As the herds strolled over the Roberto Clemente bridge toward Heinz Field on Saturday, the fashion statement of choice was Steelers black with a big No. 7.
Loyal and in love as they are with their rookie quarterback, Pittsburgh fans aren't the only ones with Ben Roethlisberger's number, however.
As we speak, New England Patriots coach Bill Belichick and his team of football geniuses are working on a master plan to make Big Ben break.
You can start your analysis of this Sunday's AFC Championship by forgetting the 34-20 loss the Patriots suffered right there in the Steel City on Halloween night.
Forget as well the manufactured hint of concern Belichick expressed when he says "we got killed" by the Steelers.
What you can believe is that this one will be different. This time, with a Super Bowl trip to Jacksonville as the pot, there will be no glass jaw for the Steelers to shatter.
As humbling as that loss may have been because it snapped the Patriots' NFL record 21-game winning streak there are explanations.
The biggest was the absence of Patriots running back Corey Dillon who, as if it was needed, gives the Super Bowl champions a dimension they didn't have a year ago.
The Steelers did dominate in Rd. 1, but it was one of those odd games where momentum became a mountain even the seasoned Patriots couldn't scale.
As the Colts found out and the Steelers will learn in what promises to be a physical battle this week, the more meaningful the challenge, the more resolute the Pats become.
"They ran it down our throats," Patriots safety Rodney Harrison said of the Steelers following after beating the dead horse that is the Colts. "They were able to control the clock. If you can't stop the run, you can't win in this league."
As they always seem to do, Belichick and defensive co-ordinator Romeo Crennel will find a fix for that.
And now the Steelers will need to find an answer for Dillon, who ran for 1,635 yards and likely would have captured the NFL rushing title had he played against the Steelers.
Don't discount the vulnerability of both Roethlisberger and his coach, Bill Cowher, either.
On Saturday night, the quarterback struggled with his throws and looked every inch the rookie that he is. The Steelers beat the New York Jets with a combination of lady luck and dominating defence.
The past few years Belichick has buried himself so deep inside the head of quarterbacks such as Manning and Buffalo's Drew Bledsoe that the challenge of Roethlisberger may actually seem facile by comparison.

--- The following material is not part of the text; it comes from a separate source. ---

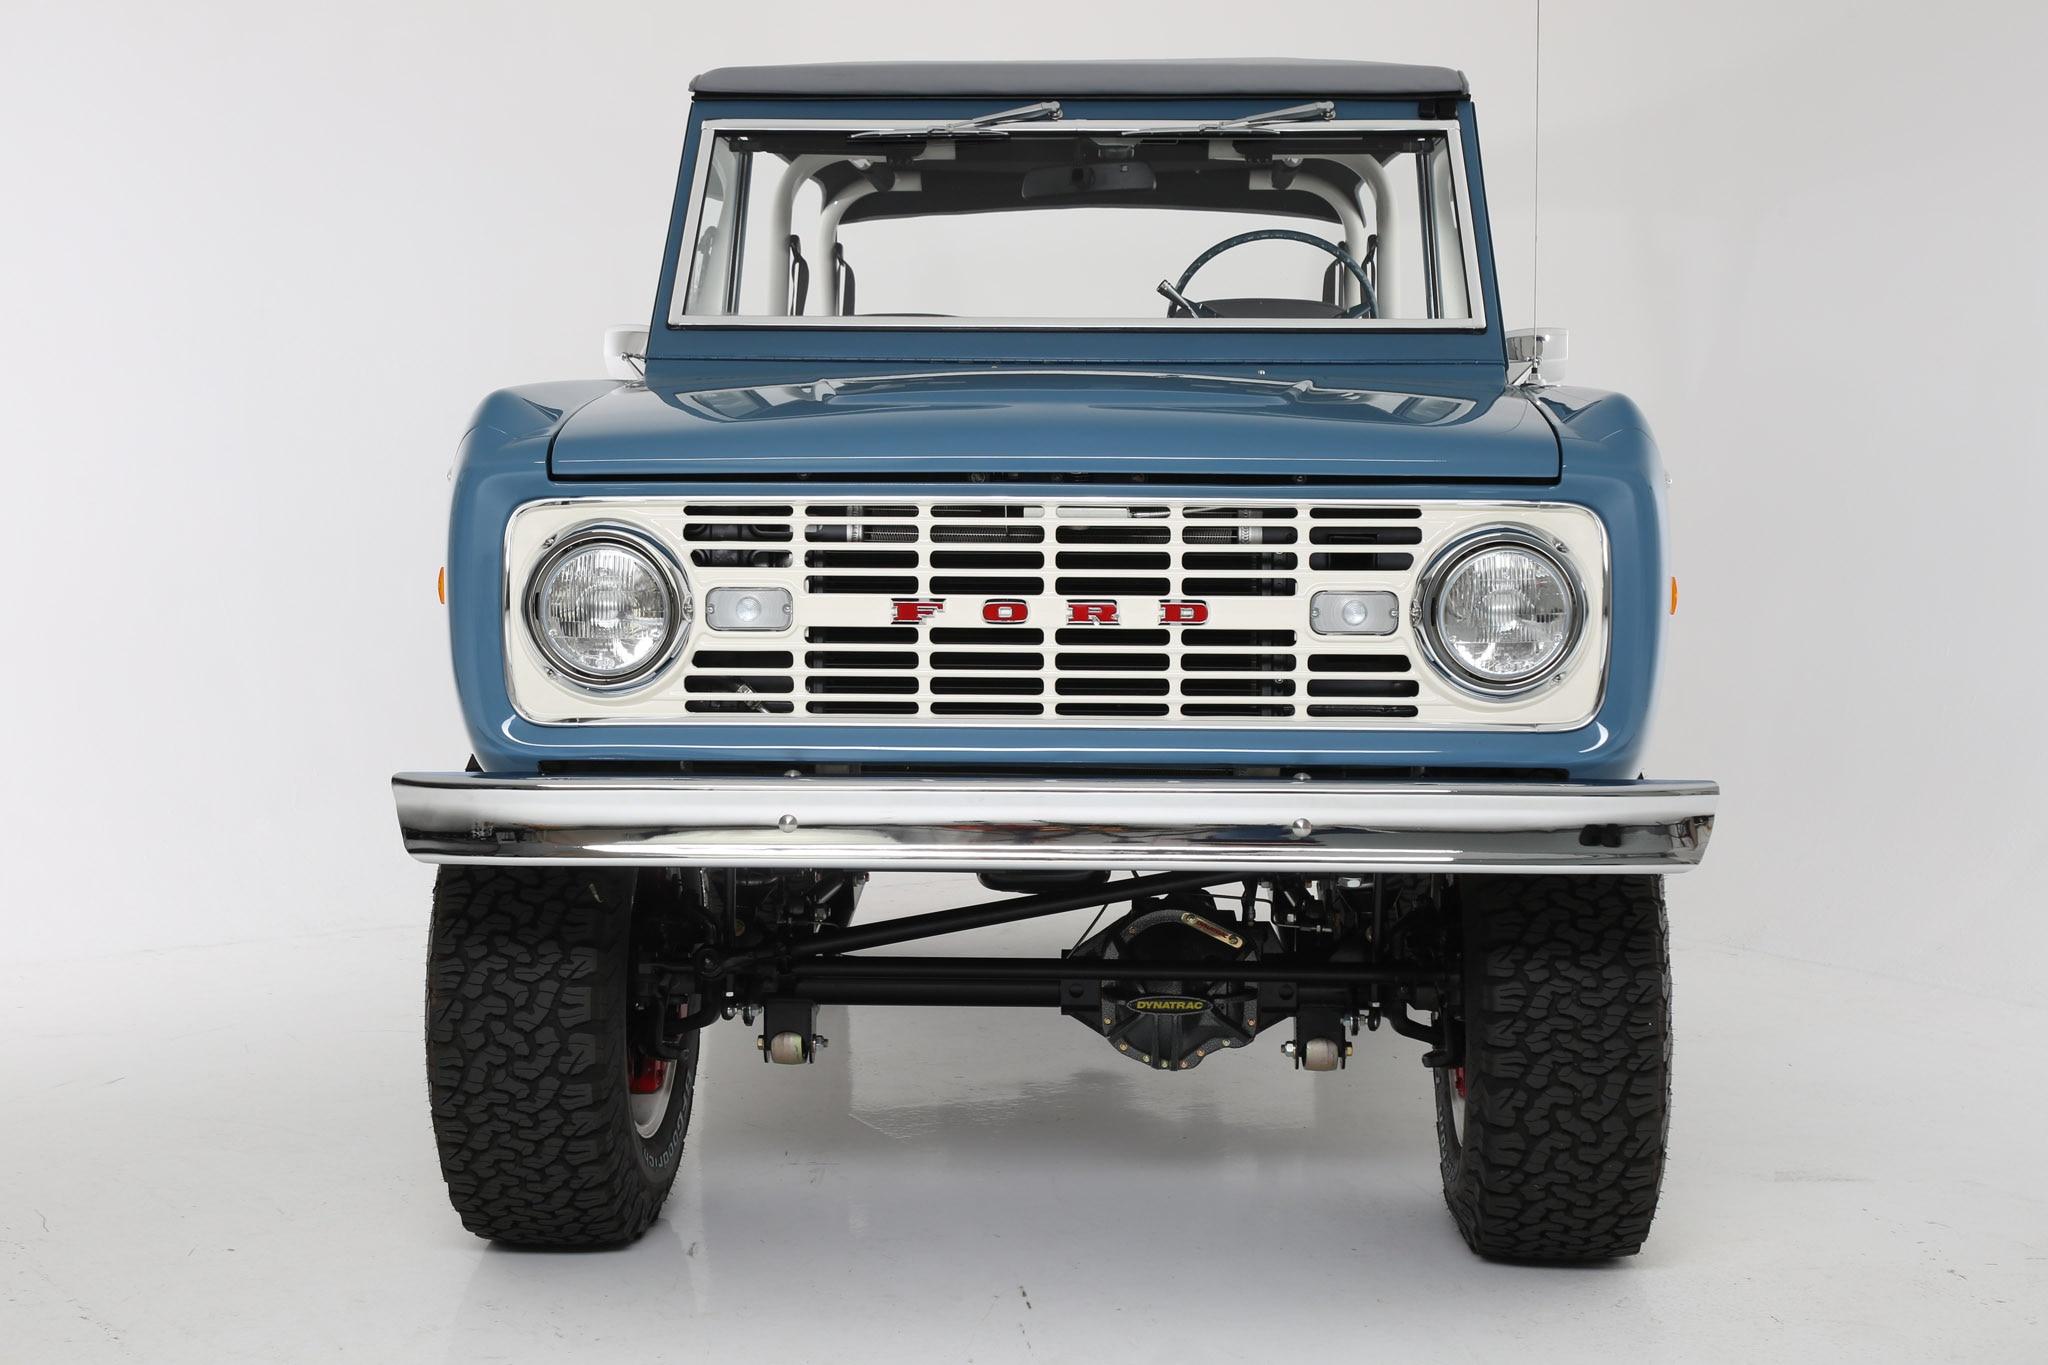 Icon Launches Classic Bronco Old School Series | Automobile Magazine

As for the jut-jawed Cowher, for all his division titles and long run of success in Pittsburgh, the coach has a knack of coming up small in the biggest games.
Twice since 1997, the Steelers have lost the AFC title game in their own stadium. One of those was to the Patriots three years ago, a game which set New England up for its Super Bowl win in New Orleans.
When the No. 1 seed meets No. 2, it's always an intriguing matchup -- which holds true in the NFC as well where a miserable season for that conference has been saved by the Eagles-Falcons finale.
Popular opinion has it that the Super Bowl champion will come from the AFC once again, however.
The Steelers, with their one-loss season and as physical as they are, likely will put up more of a fight than the Colts.
Belichick was trying to plead for underdog status yesterday, citing the 21-point loss and the Steelers winning 15 in a row.
Even the biggest Big Ben fan might have trouble buying that line anymore.